The ROI calculations are throwing me off. In certain instances, ROI is calculated by taking the amount of annual profit on rent you have (let's say $400 a month x 12 = $4800) divided by the amount you purchased the property for (we'll say 75k) + rehab (we'll say 25k) so 100k total invested.
So $4800/100,000 = 4.8% ROI.
My first confusion, let's say I use all $100,000 from a HELOC, so none of my own money invested. In the book, he only takes the actual cash amount of your own you put into the property and doesn't count the loaned amount. This doesn't make sense to me. If the $100,000 isn't mine, it's basically calculated as 100% return.
Secondly, in another instance he calculates the ROI in relation to flipping a house. He says you initially think you're going to make 30k on a flip but you actually can make 60k. He says at this point look closer at ROI with 300 per month rent profit. $300x12=$3600.

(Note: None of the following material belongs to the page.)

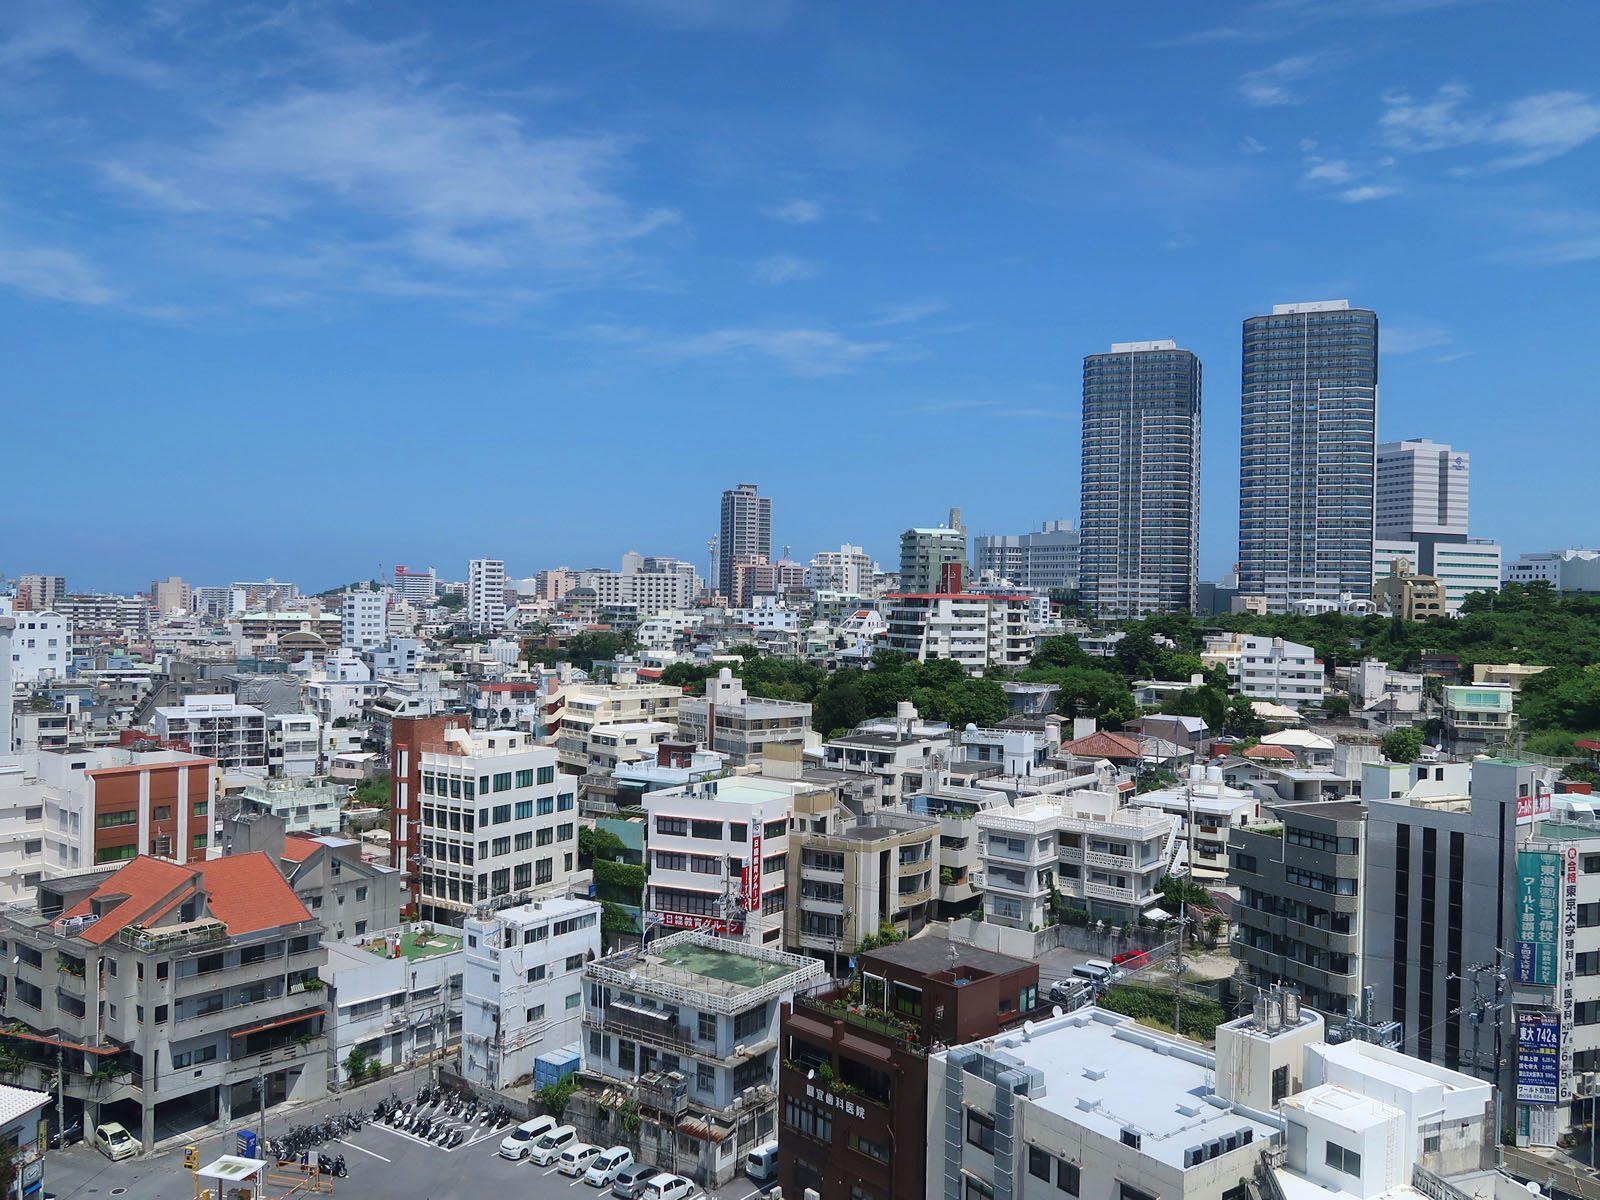 从自助餐的场地,酒店12楼的「空中酒廊」遥望冲绳都市

$3600 he then divided by 30,000 for 12% ROI, but then does the $3600 by 60,000 for 6% ROI. Again, why is this the way it's calculated? Common sense would tell me the ARV of a home going up MORE after I get a good deal and cheap rehab is a good thing. His equation makes it seem like I'm losing ROI, but isn't ROI just telling me the amount I'm gaining yearly compared to the amount I have invested in the rental, not the value of it? So let's say I buy a rental for 20k, but it shoots up to 100k value. Rent profits are 4000 a year. Using his equation, this value shooting up is bad for my ROI. Either I'm misreading him or truly confused or something. Can someone explain?